Exercise prompt:
Word for word, please copy the listing below, with its pictures left out.

Dataset content:
■ ■ ■

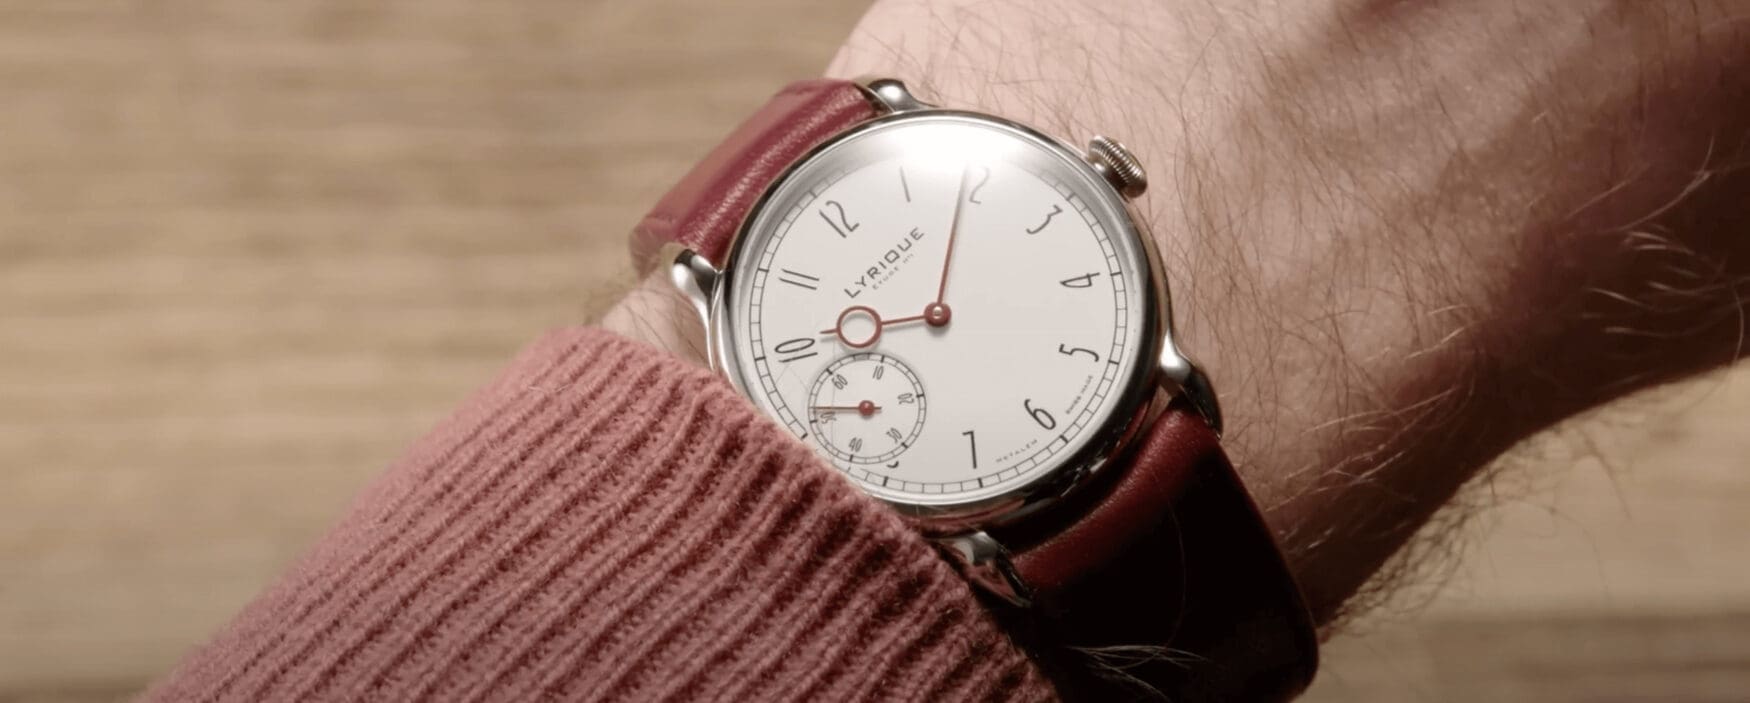 RECOMMENDED VIEWING: Watchfinder & Co’s Andrew Morgan tells the story of the collector-made Lyrique watch
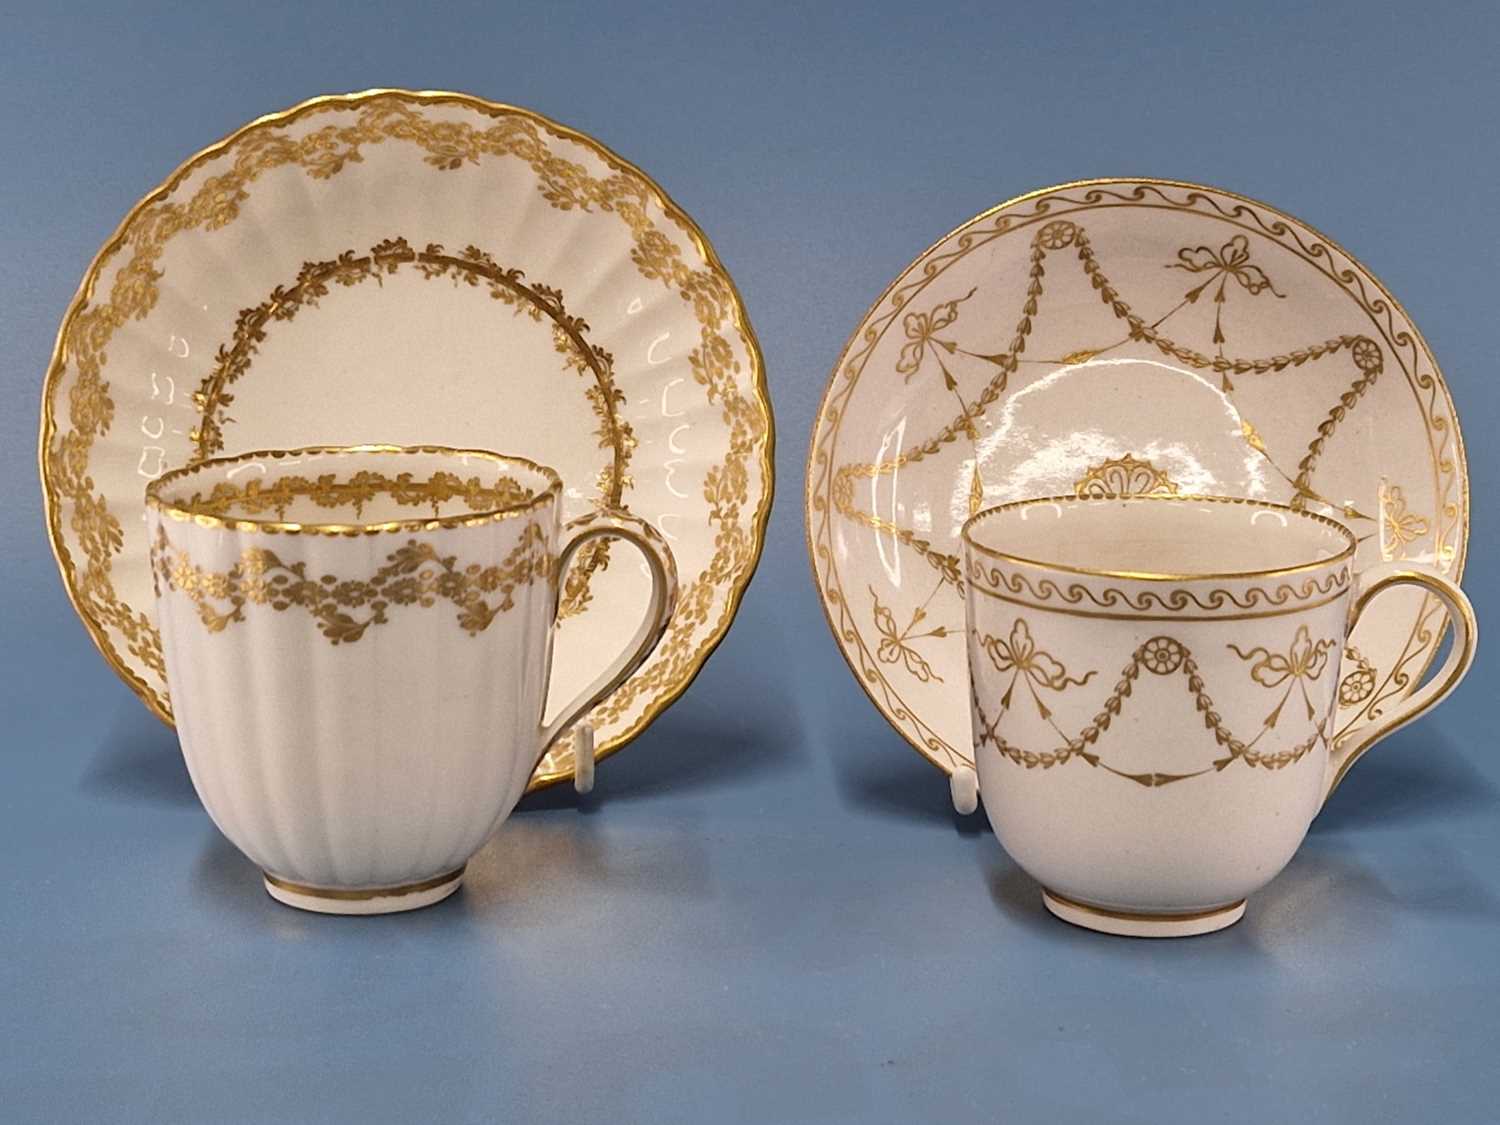 A Derby coffee cup and saucer gilt with swags, blue marks together with a ribbed coffee cup and
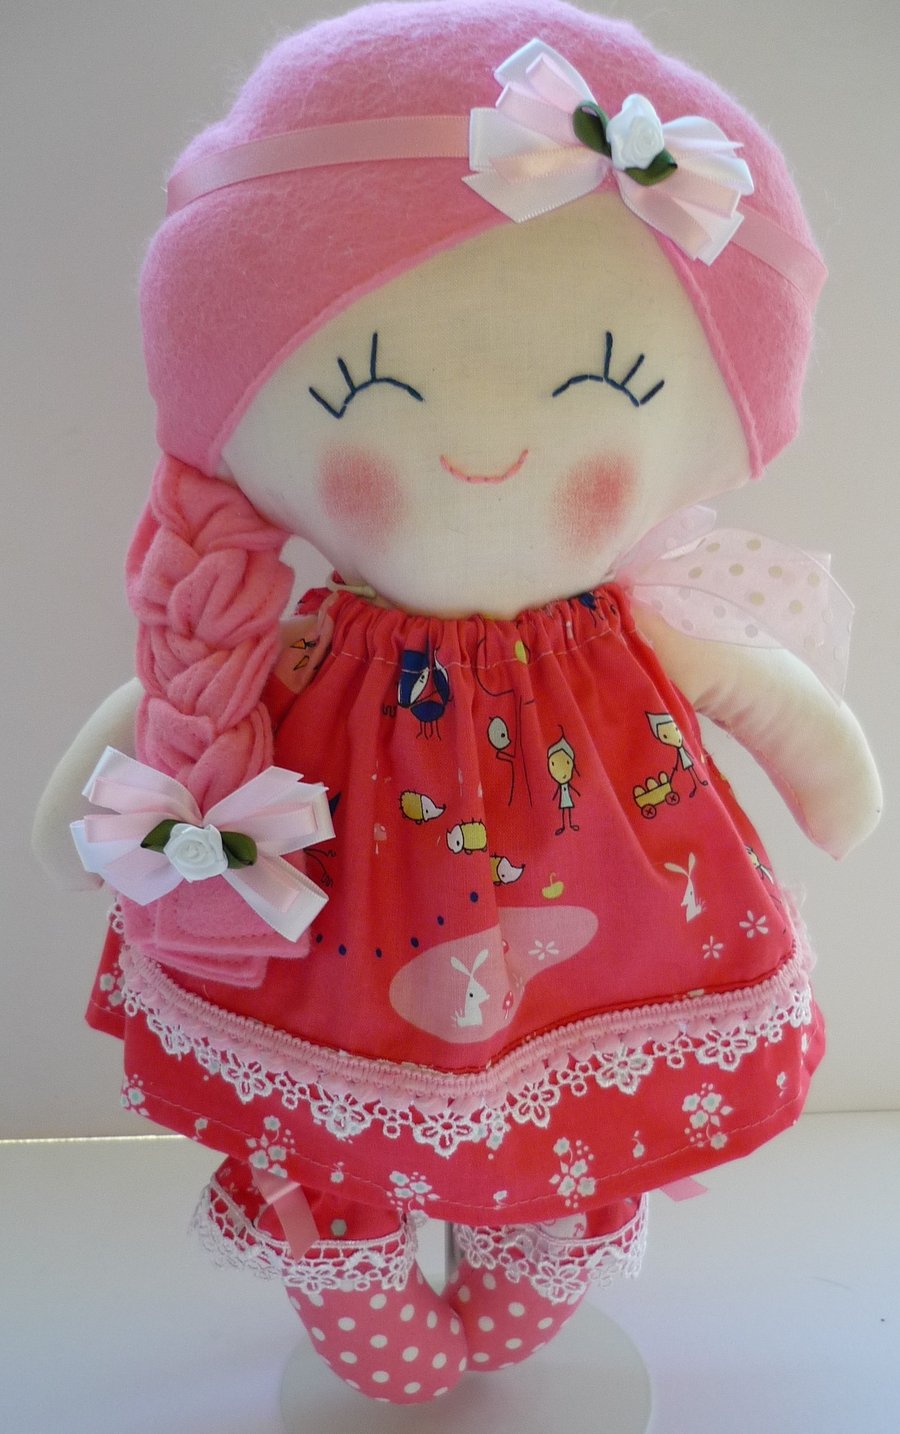 Handmade Rag Doll in Dress and Bloomers
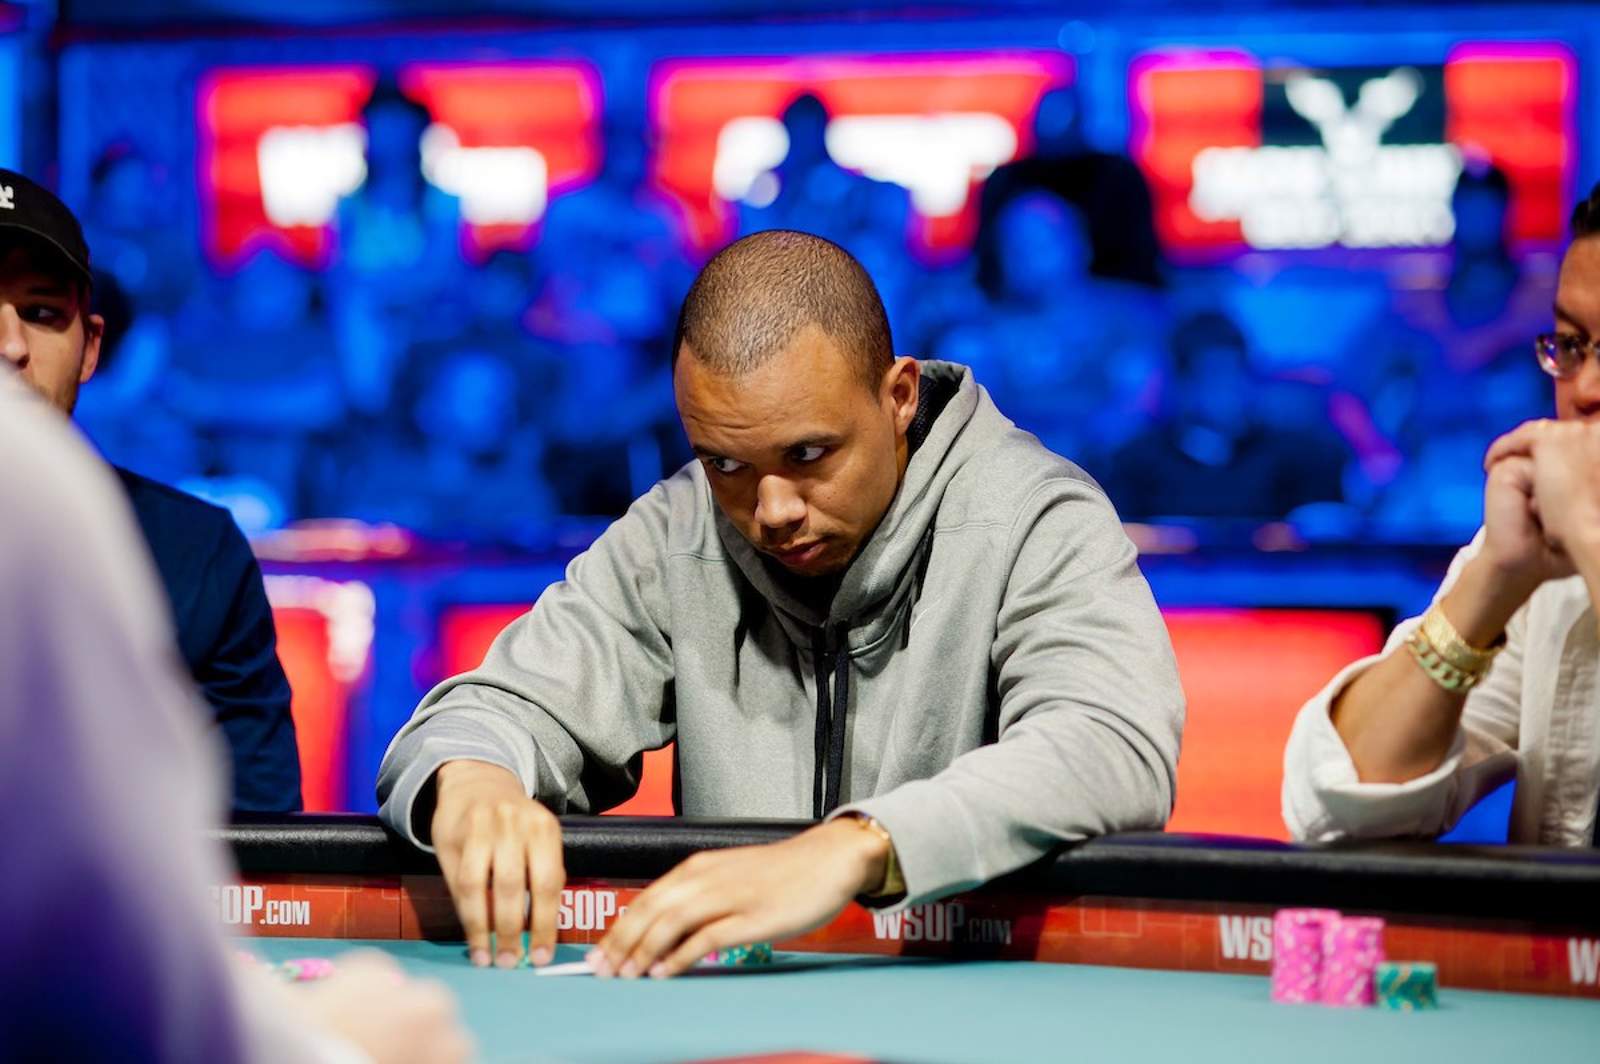 Ep. 58 Farewell Phil Ivey?

■ ■ ■

Output of the exercise:
 RECOMMENDED VIEWING: Watchfinder & Co’s Andrew Morgan tells the story of the collector-made Lyrique watch
 A Derby coffee cup and saucer gilt with swags, blue marks together with a ribbed coffee cup and
 Handmade Rag Doll in Dress and Bloomers
 Ep. 58 Farewell Phil Ivey?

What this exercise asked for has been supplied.